This report is intended as a guide for states in making decisions about assessment to meet the NCLB requirements and in planning more broadly for assessment as a tool for supporting student learning. The committee recognizes that each state has its own goals for science education and assessment. This report, therefore, provides guidance that is specific enough to address the important issues raised by NCLB science requirements, but general enough to be adaptable to a wide range of contexts. The committee’s advice to states is offered in the form of questions that all those responsible for designing and implementing state assessment programs should ask themselves as they develop science assessments. These questions are intended to focus state decision makers on important issues that need to be addressed as assessments are developed, implemented, and used. The questions appear throughout the report and are included in their entirety in Chapter 9. They are not included in the executive summary, which instead summarizes the findings that underlie the questions.
Although the science assessments that are developed to meet NCLB requirements will constitute but a small fraction of the science assessment that is conducted in schools across the nation, they are likely to exert a powerful influence on science curricula and instruction. It is therefore very important that the effects of states’ NCLB science assessments be thoroughly explored before they are introduced and become mandatory.

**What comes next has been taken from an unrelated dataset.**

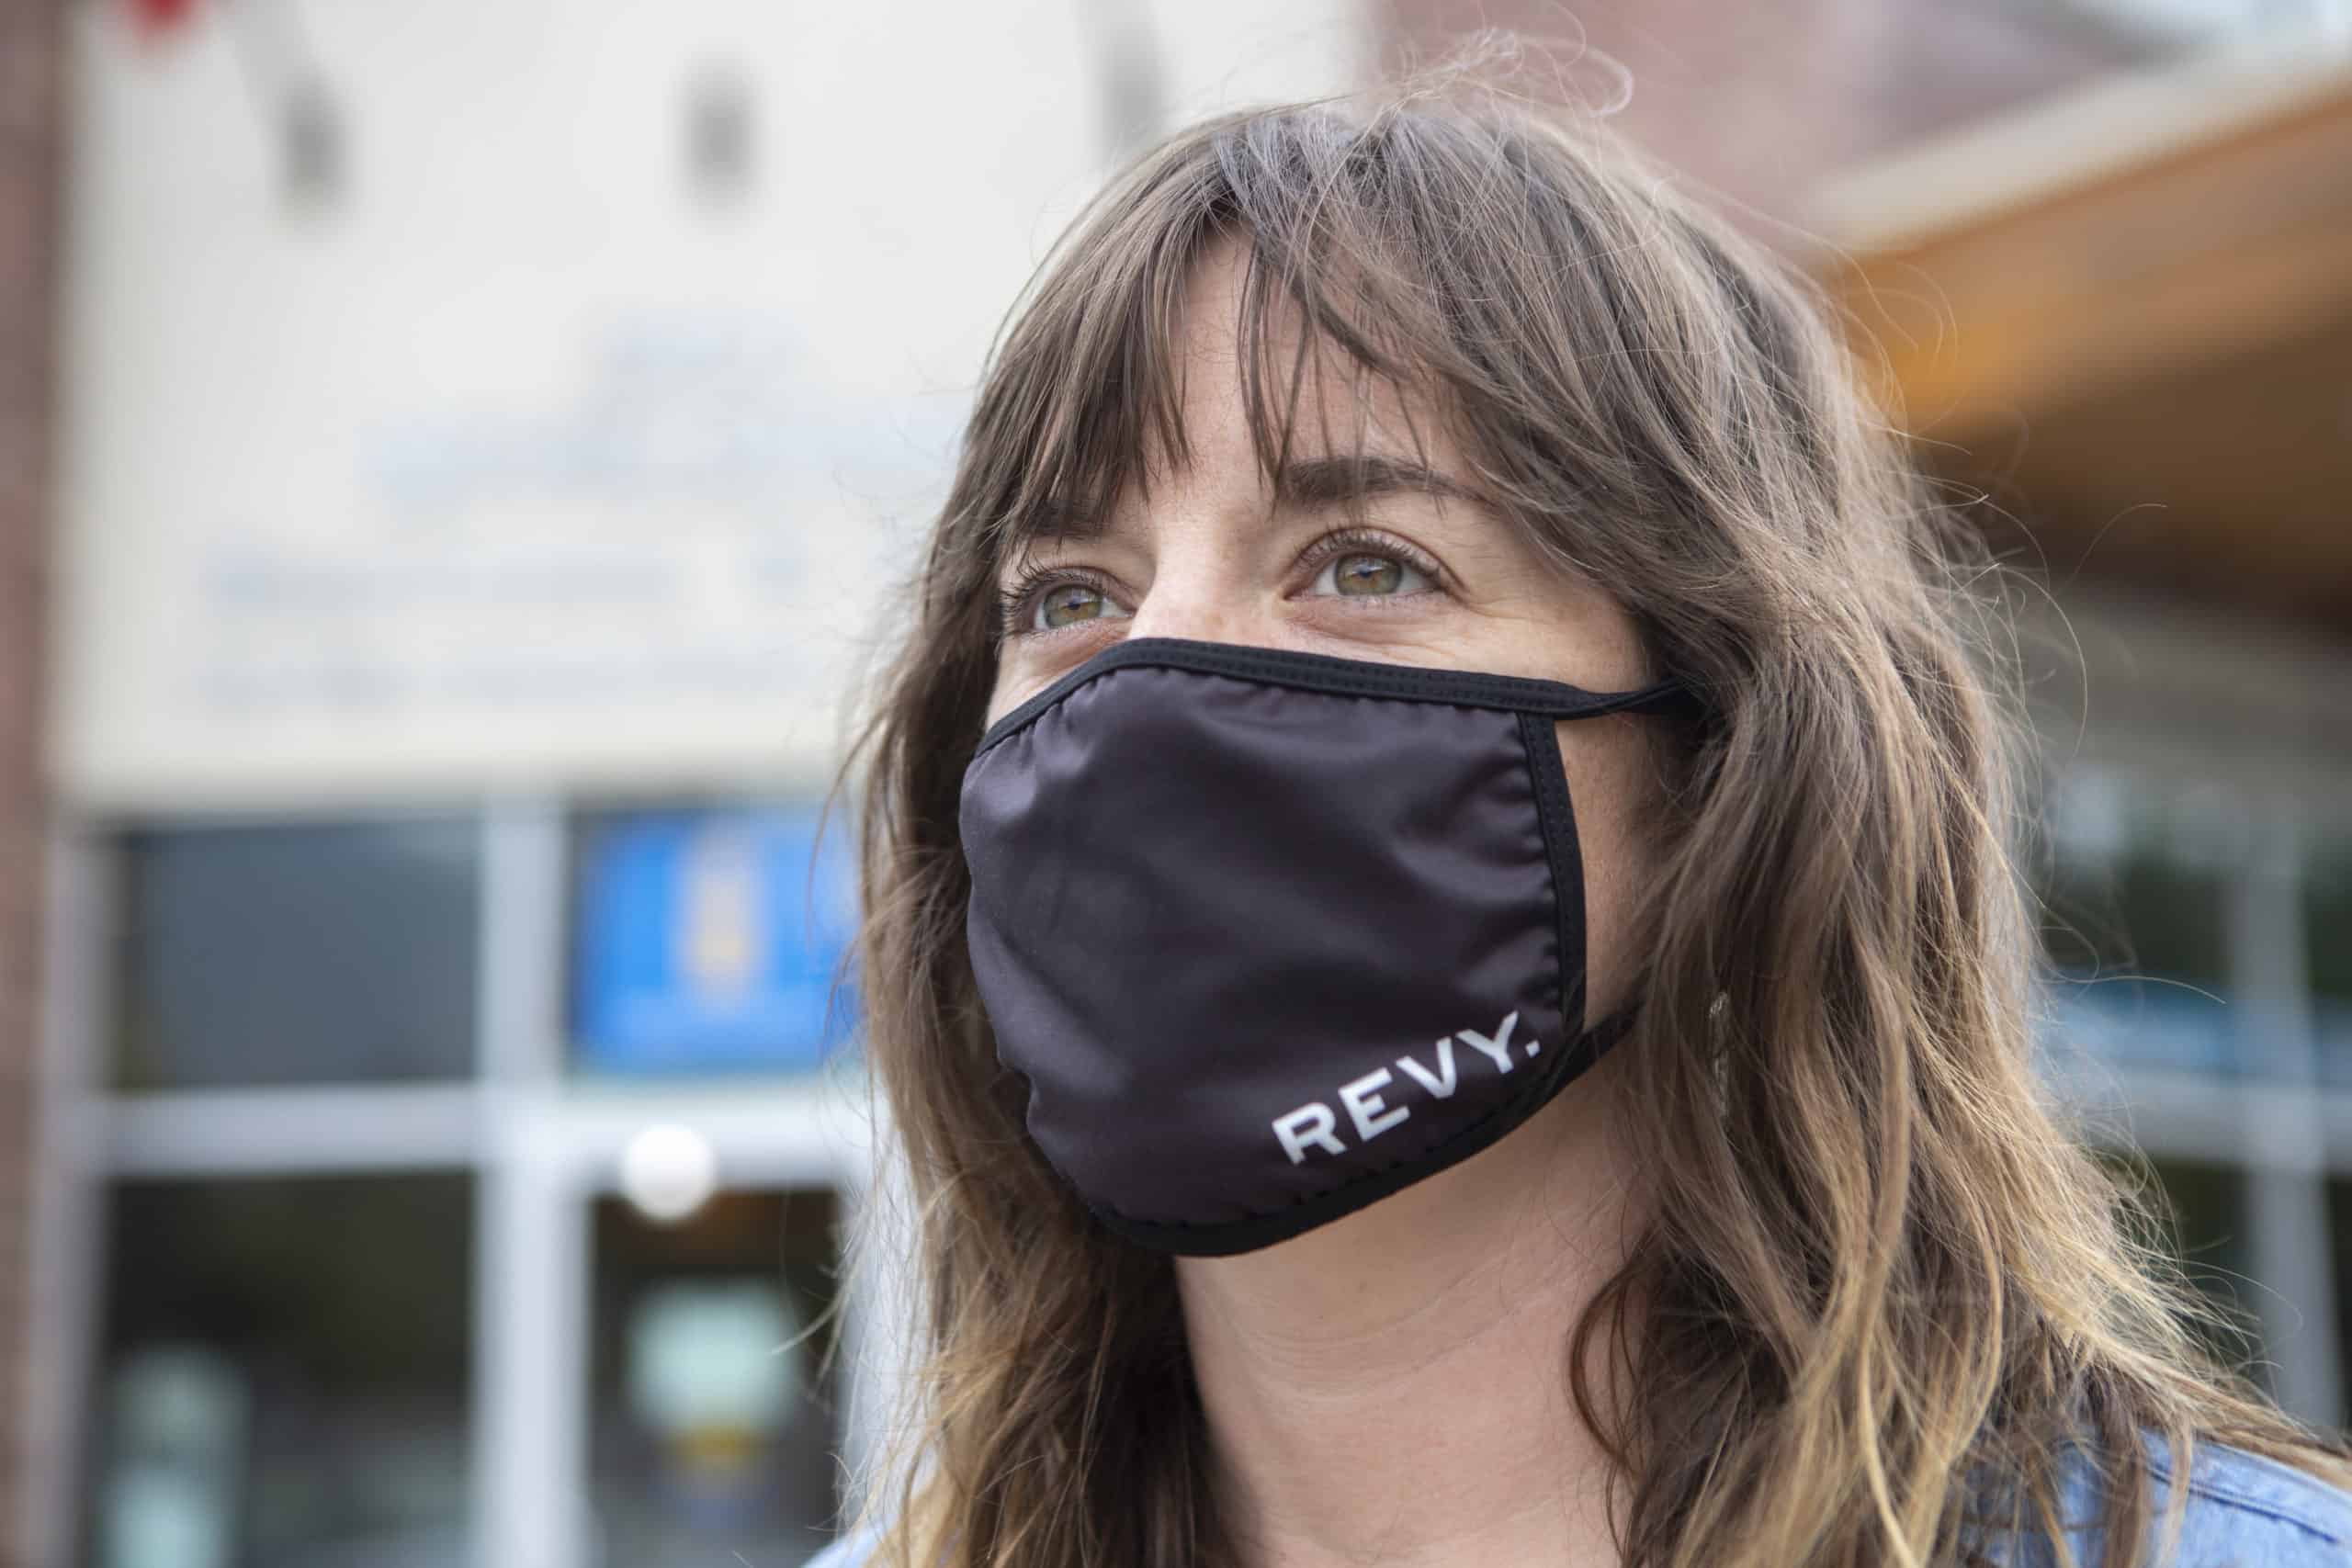 Revy. branded masks are available at the Visitor Information Centre.

High-quality science standards are central to science education and assessment. They are the way that states articulate their goals for student learning and focus the attention of teachers, students, parents, and all others concerned with education on what students should know and be able to do. Content standards serve as the basis for developing curricula, selecting textbooks, setting instructional priorities, and developing assessments. Achievement standards make clear what information will be accepted as evidence that students have achieved the standards and how competence is defined.
Content standards should be clear, detailed, and complete; reasonable in scope; rigorous and scientifically correct; and built around a conceptual framework that reflects sound models of student learning. They should also describe examples of performance expectations for students in clear and specific terms so that all concerned will know what is expected of them. The committee found that although some state standards reflect many of these criteria, no current state standards meet all of them.
States should regularly review and revise standards documents at least every 10 years. Revisions to content standards documents should be mirrored by changes in curriculum, curricular materials, assessments, and instruction. In turn, ongoing teacher professional development will be required to ensure that the changes in the standards are reflected in classrooms and schools.